As each parent should have subports with unique VLAN IDs, this ID will determine the source port (nested VM or container) that is sending the traffic. In our example, this will be child1 as it is the subport tagged with VLAN 30. In the actions section of the table 0 flow, the packet will be untagged (strip_vlan action), and the relevant registers will be populated to identify both the subport network and the logical input port:

  • The packet is coming from OF port 12 (in_port=12) which corresponds to vm1
[root@worker1 ~]# ovs-ofctl show br-int | grep vm1
 12(vm1): addr:40:44:00:00:00:01
  • The network identifier (metadata) is populated with the value 2 (load:0x2->OXM_OF_METADATA[]) which corresponds to the network of the subport (network2)
[root@central ~]# ovn-sbctl find datapath_binding tunnel_key=2
_uuid               : 2d762d73-5ab9-4f43-a303-65a6046e41e7
external_ids        : {logical-switch="40ac144b-a32a-4202-bce2-3329f8f3e98f", name=network2}
load_balancers      : []
tunnel_key          : 2
  • The logical input port (register 14) will be populated with the tunnel key of the child1 subport (load:0x1->NXM_NX_REG14[])
[root@central vagrant]# ovn-sbctl get port_binding child1 tunnel_key
1
  • Now the pipeline execution with the untagged packet gets resumed from table 8 (resubmit(,8)).

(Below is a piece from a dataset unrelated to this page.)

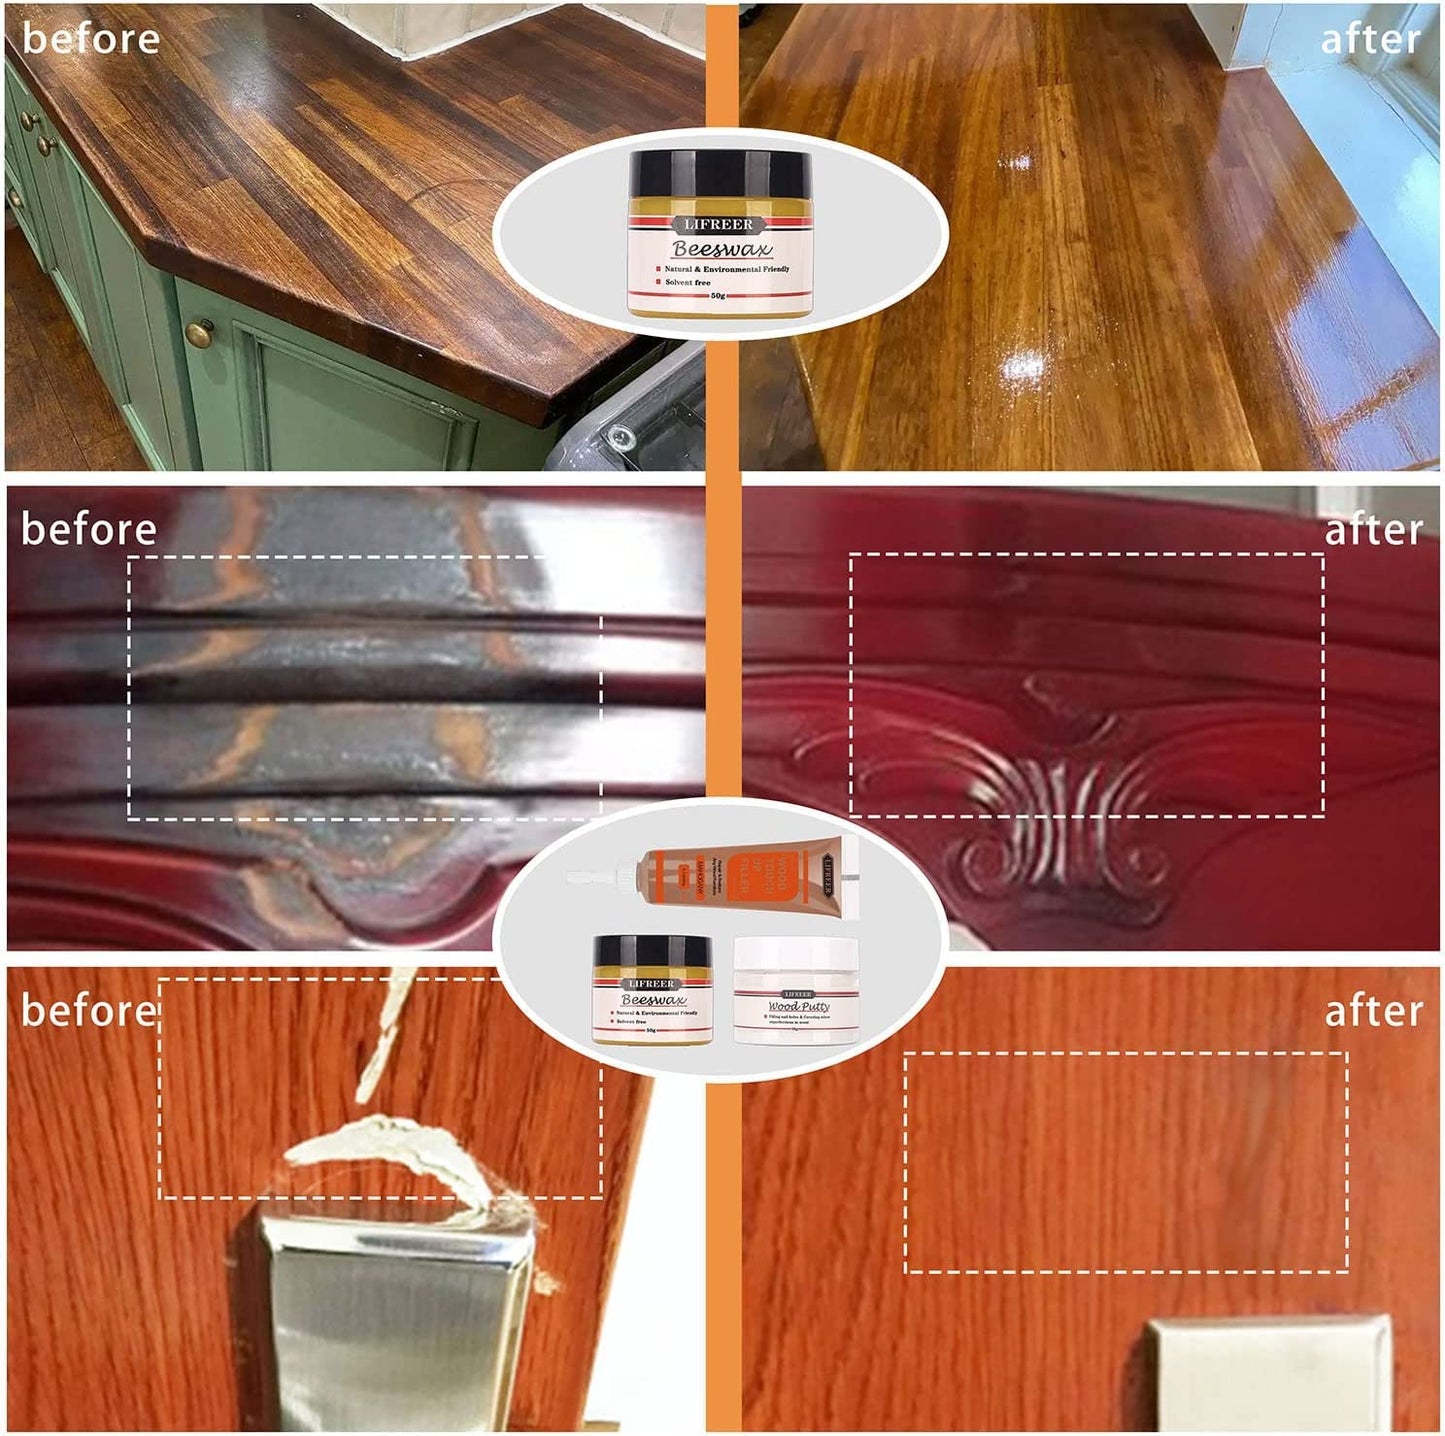 Lifreer Wood Furniture Repair Kit, High-Performance Wood Filler, Wood Putty with Beeswax - Hardwood Floor Scratch Repair Kit for Scratch, Cracks,
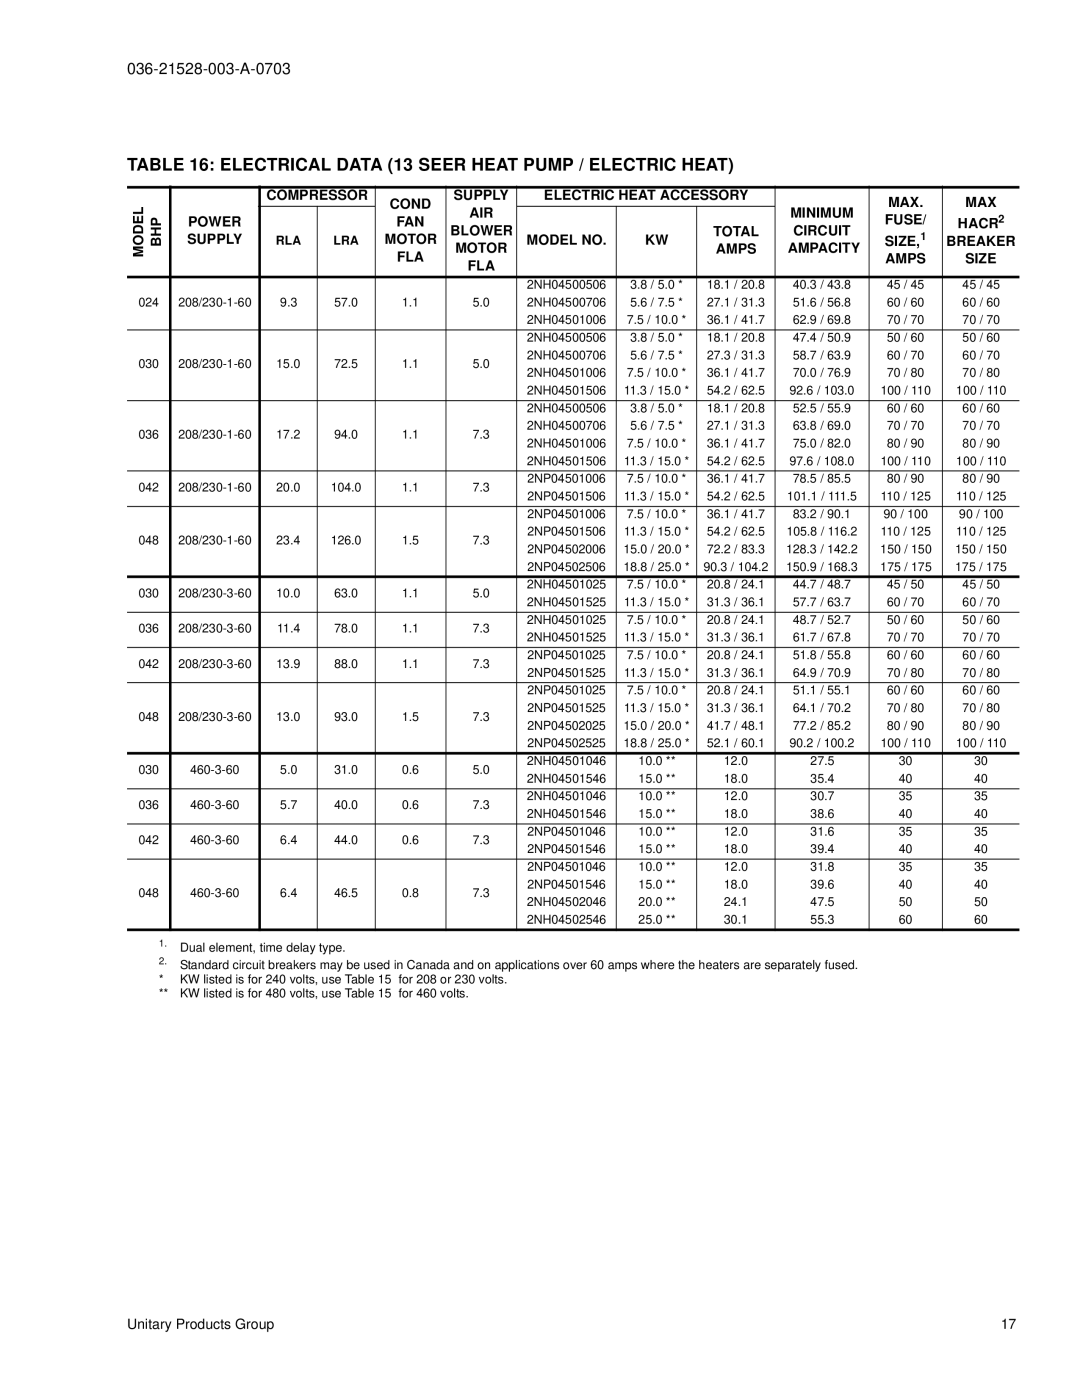 York BHP024 manual Electrical Data 13 Seer Heat Pump / Electric Heat, Rla Lra

Eventually it gets sent through the tunnel to worker2, where the parent (vm2) of the destination port (child2) is bound to.

 

Let’s inspect the traffic and flows on worker2, the destination hypervisor:

The traffic arrives untagged to br-int from the Geneve interface and later gets delivered to the vm2 interface tagged with the child2 VLAN ID (50).

[root@worker2 vagrant]# tcpdump -vvnee -i genev_sys_6081 icmp -c1
tcpdump: listening on genev_sys_6081, link-type EN10MB (Ethernet), capture size 262144 bytes
13:57:25.000587 40:44:00:00:00:03 > 40:44:00:00:00:04, ethertype IPv4 (0x0800), length 98: (tos 0x0, ttl 64, id 56431, offset 0, flags [DF], proto ICMP (1), length 84)
    192.168.1.13 > 192.168.1.14: ICMP echo request, id 10218, seq 31, length 64


[root@worker2 vagrant]# ip netns exec vm2 tcpdump -vvneei vm2 icmp -c1
tcpdump: listening on vm2, link-type EN10MB (Ethernet), capture size 262144 bytes
13:57:39.000617 40:44:00:00:00:03 > 40:44:00:00:00:04, ethertype 802.1Q (0x8100), length 102: vlan 50, p 0, ethertype IPv4, (tos 0x0, ttl 64, id 59701, offset 0, flags [DF], proto ICMP (1), length 84)
    192.168.1.13 > 192.168.1.14: ICMP echo request, id 10218, seq 45, length 64

The packet processing takes place as with any regular VIF but in the output stage, the traffic will be tagged before it is sent out to the vm2 interface:

[root@worker2 vagrant]# ovs-ofctl dump-flows br-int |grep mod_vlan_vid:50
 cookie=0x969b8a9d, duration=338995.147s, table=65, n_packets=263914, n_bytes=25814112, idle_age=0, hard_age=65534, priority=100,reg15=0x2,metadata=0x2 actions=mod_vlan_vid:50,output:4,strip_vlan

[root@worker2 vagrant]# ovs-ofctl show br-int | grep vm2
 4(vm2): addr:00:00:00:00:00:00

 

As you can see, the way that OVN implements this feature is very simple and only adds a couple of extra flows. Hope that this article helps understanding the details of trunk ports and how it’s leveraged by projects like Kuryr to run Kubernetes on top of OpenStack.